AP African American Studies: Resistance and Revolt: Stono, Haiti, and the United States (Drill 11) is a Multiple Choice practice drill covering Unit 2: Freedom, Enslavement, and Resistance. It contains 5 original questions created by Brian Stewart, a Barron's test prep author with over 20 years of tutoring experience.

Practice AP African American Studies exam questions on the Stono Rebellion, the Haitian Revolution, and US slave revolts led by Nat Turner, Denmark Vesey, and Gabriel Prosser. Build AP exam prep skills on Unit 2 resistance and resilience themes.

Passage

The following is an excerpt from the South Carolina Negro Act of 1740, passed by the colonial legislature following the Stono Rebellion of 1739.

“Whereas, the members of the General Assembly are deterred by too many fatal instances, of the insolence and cruelty of the negroes… Be it therefore enacted, That no slave shall be permitted to go or travel beyond the limits of the plantation or settlement to which such slave belongs, without a letter or ticket… And be it further enacted, That all and every person and persons whatsoever, who shall teach or cause any slave or slaves to be taught to write, or shall use or employ any slave as a scribe in any manner of writing whatsoever… every such person and persons shall, for every such offense, forfeit the sum of one hundred pounds current money.”

South Carolina Negro Act of 1740 (excerpted)

Questions & Explanations

Question 1. The South Carolina Negro Act of 1740 was passed in direct response to which of the following?

  • A) The founding of Fort Mose in Spanish Florida, which formalized Spain’s offer of freedom to enslaved people who escaped British colonies
  • B) The Stono Rebellion of 1739, in which enslaved people in South Carolina took up arms and marched toward Spanish Florida seeking freedom ✓
  • C) A wave of coordinated urban uprisings in Charleston that targeted the colony’s merchant and planter class
  • D) Denmark Vesey’s conspiracy of 1822, which exposed the vulnerability of South Carolina’s urban enslaved population to organized revolt

Explanation: The Stono Rebellion of September 1739 was the largest slave uprising in colonial North America. Enslaved people in South Carolina, many from the Kingdom of Kongo, seized weapons, killed white colonists, and marched south toward Spanish Florida, where Spain had promised freedom at Fort Mose. The rebellion was suppressed, but South Carolina’s colonial legislature responded the following year with the Negro Act of 1740, which severely restricted enslaved people’s movement, assembly, and access to literacy. Choice A describes Fort Mose accurately; it was a real free Black settlement in Spanish Florida that motivated escape attempts, but Fort Mose’s existence was the destination that drew Stono participants southward, not itself the event that triggered this legislation; a student who knows Fort Mose but conflates cause and context will find this distractor attractive. Choice C invents an urban merchant-class rebellion that did not occur. Choice D places Denmark Vesey’s 1822 conspiracy more than eighty years after this 1740 act, a student who knows Vesey as a major South Carolina resistance figure but is uncertain on dates may find this plausible. [Skill 1A, Applying disciplinary knowledge: concepts and developments]
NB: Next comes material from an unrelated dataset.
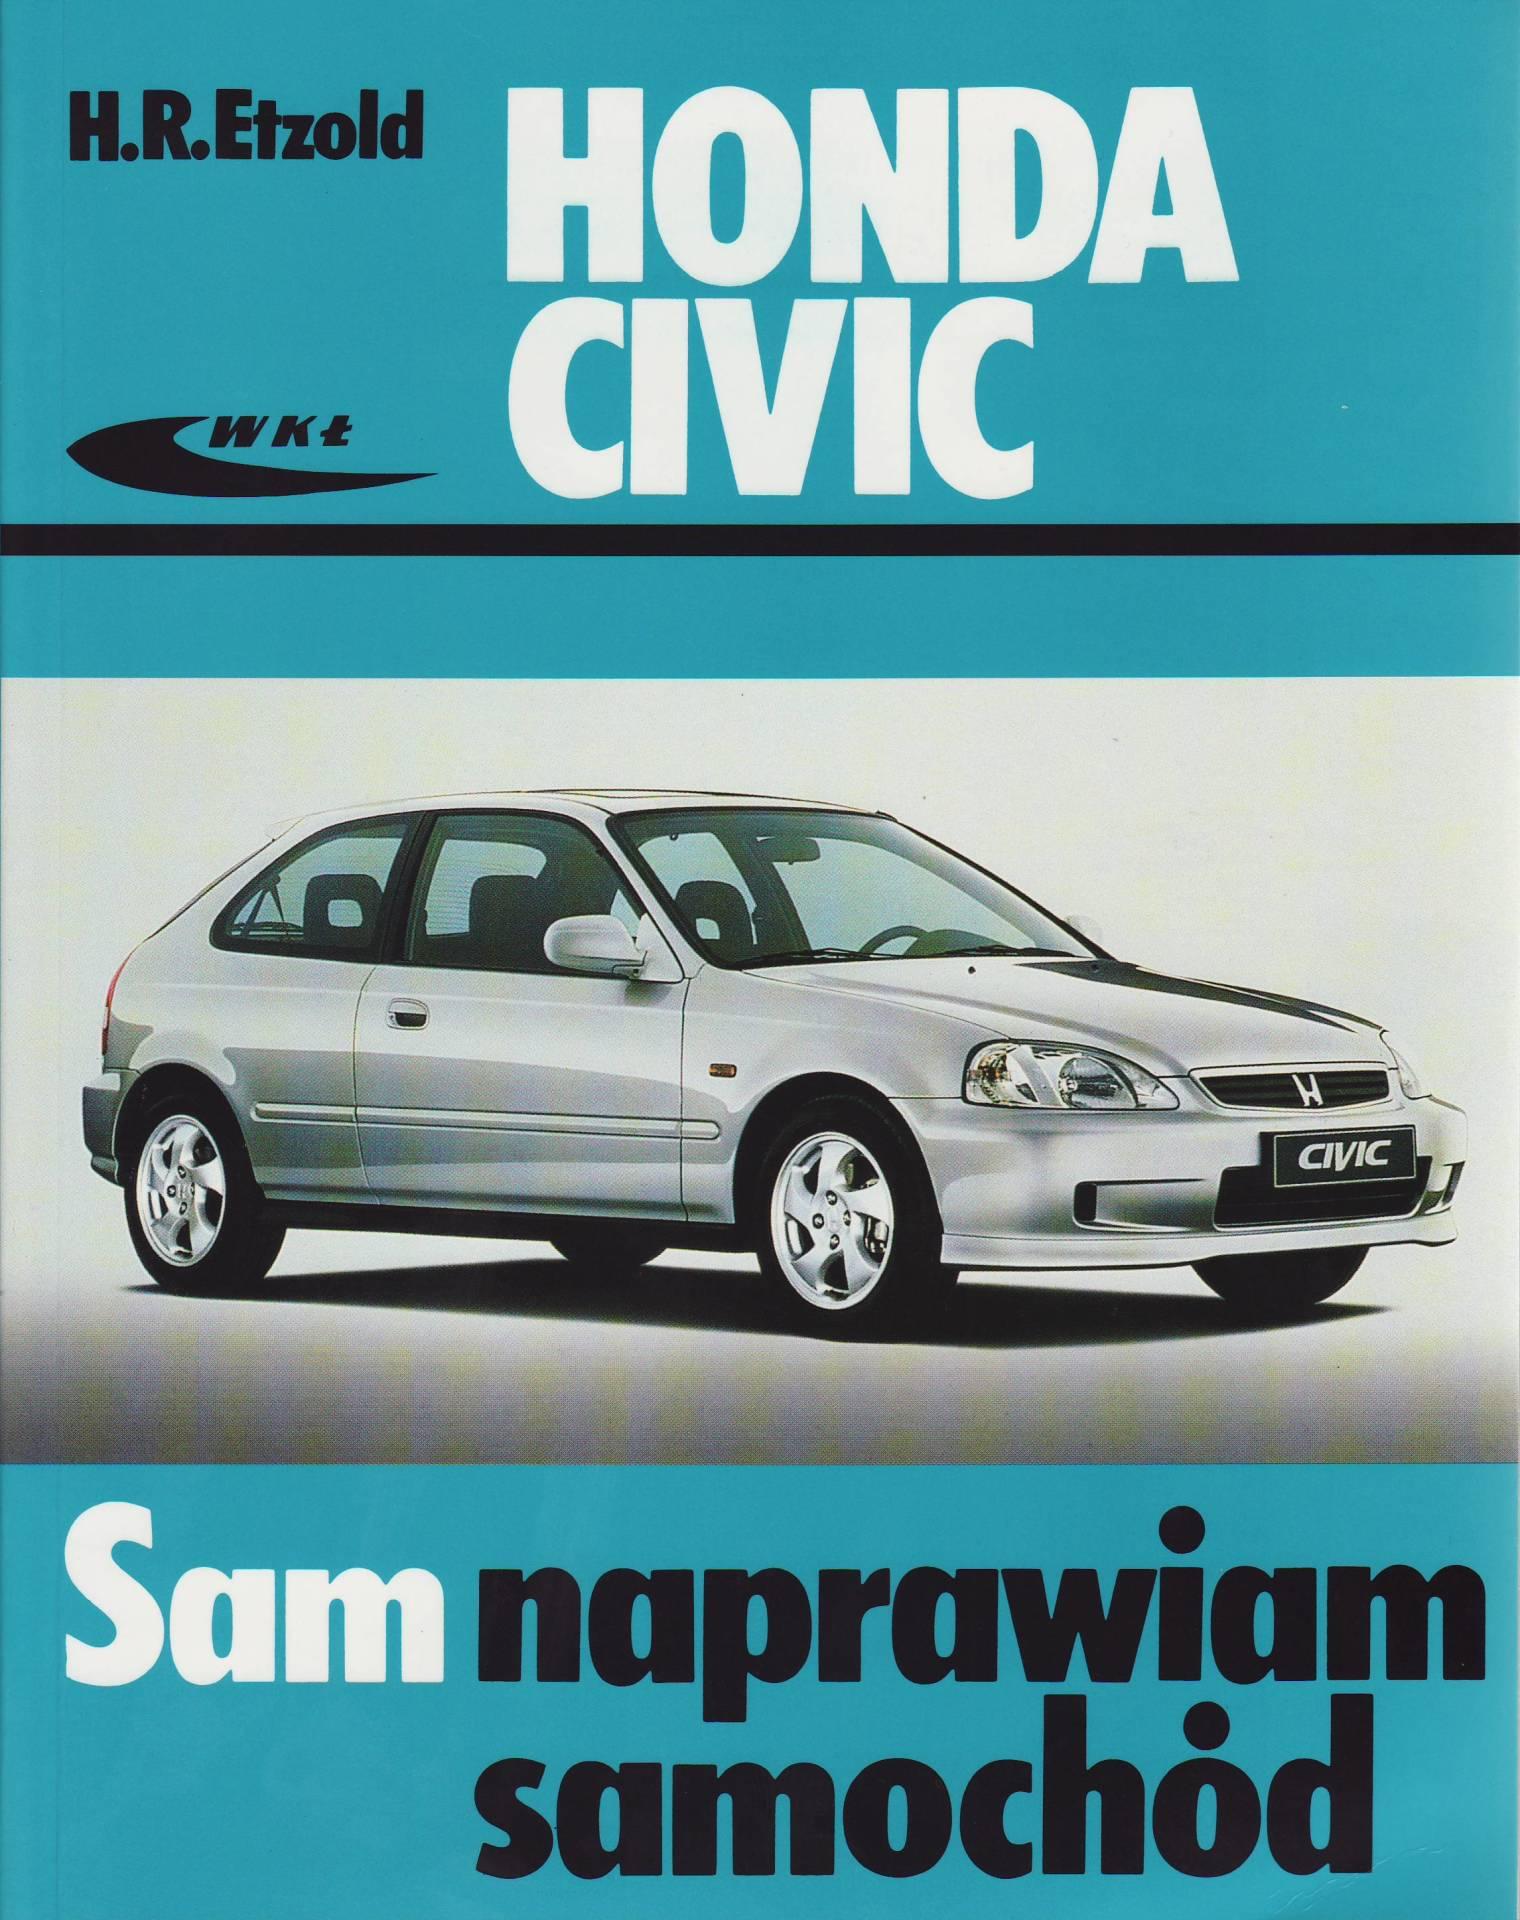 Instrukcje, Serwisówki - Honda Civic [Archiwum] - Forum Stowarzyszenia Civic Klub Polska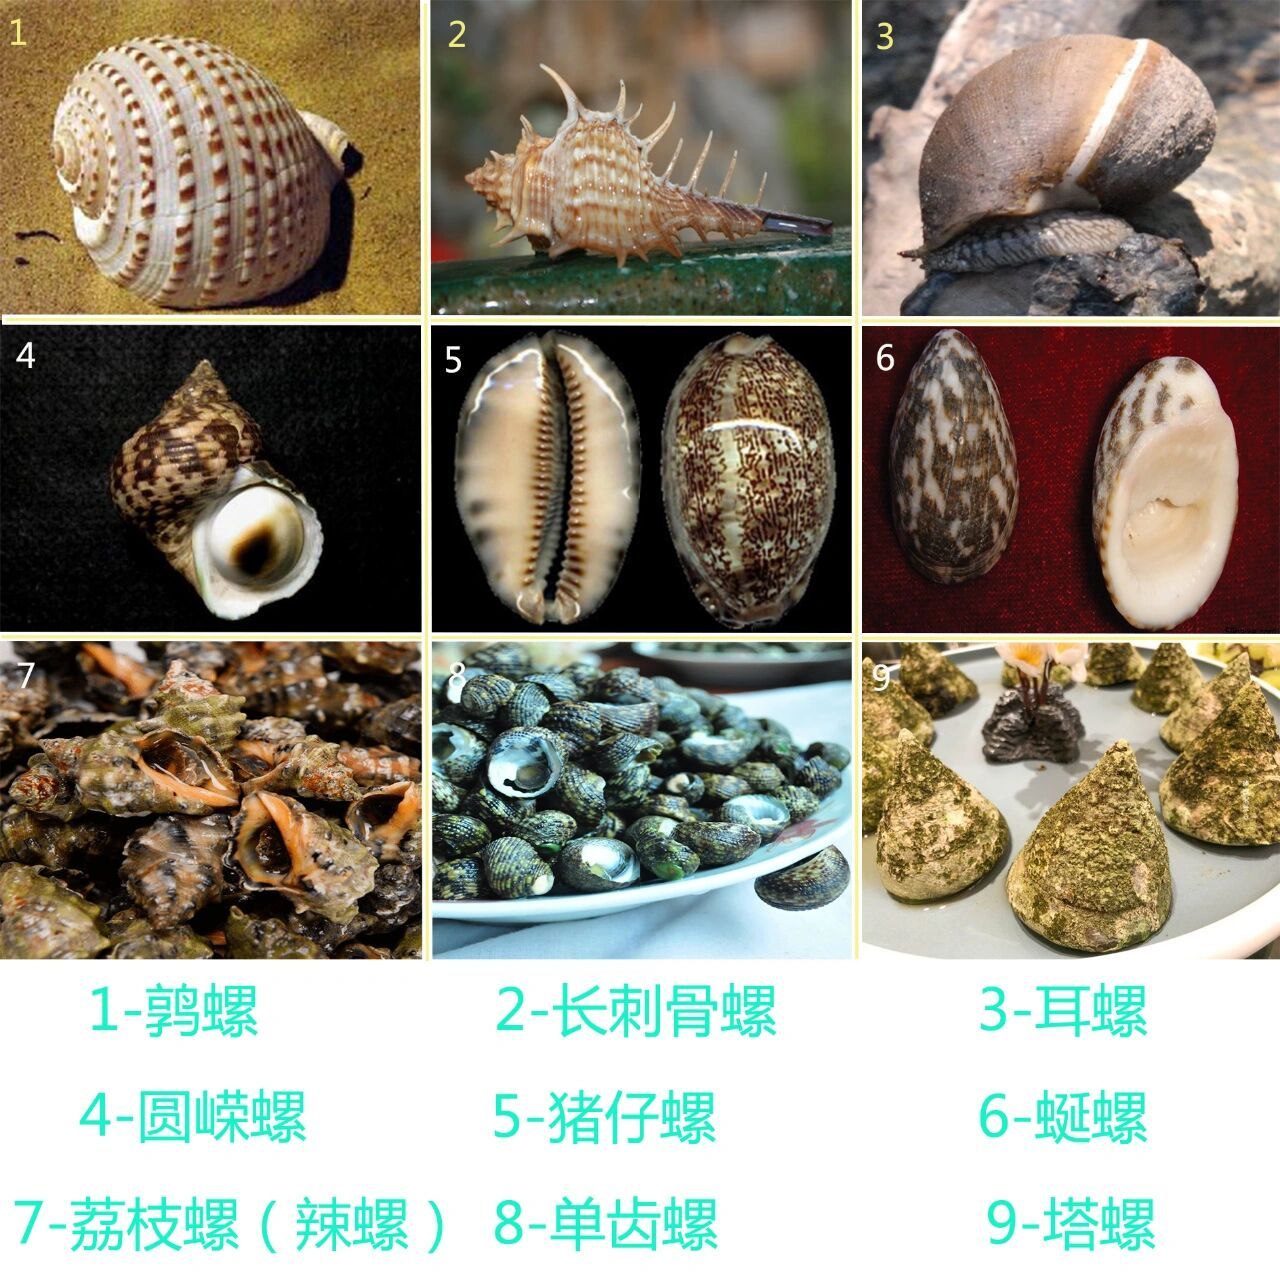 海螺类品种大全及介绍图片

Question 2. The provision in the Negro Act of 1740 criminalizing the teaching of enslaved people to write most directly suggests which of the following about the goals of the South Carolina colonial legislature?

  • A) Colonial legislators sought to limit enslaved people’s ability to communicate in writing, which they viewed as a means of organizing and coordinating resistance ✓
  • B) Colonial legislators were primarily concerned with protecting the economic value of enslaved people by limiting distractions from agricultural labor
  • C) The legislature was responding to documented evidence that a literate enslaved person had organized the Stono Rebellion through written correspondence within the context described
  • D) Colonial legislators feared that literate enslaved people would petition British courts or Crown officials for legal recognition of their freedom

Explanation: The source pairs two restrictions that reinforce each other: enslaved people cannot travel without a written ticket, and no one may teach enslaved people to write. Reading those two provisions together, the legislature’s concern with written communication as a tool of movement and coordination is visible on the face of the text. Restricting literacy directly limited the ability of enslaved people to produce or use the written documents, passes, letters, notices, that would enable organized activity. This inference is available from the source itself without requiring outside knowledge. Choice B mischaracterizes the legislature’s purpose; the act is structured around behavioral control and suppression of resistance, not protection of economic productivity. Choice C overstates what the historical record shows; there is no documented evidence that literacy caused the Stono Rebellion specifically; the legislature was acting on fear of future resistance, not a proven prior mechanism. Choice D introduces British courts or Crown petitions as a frame, which has no basis in the text or in the historical context of colonial South Carolina at this time. [Skill 2B, Source perspective and purpose]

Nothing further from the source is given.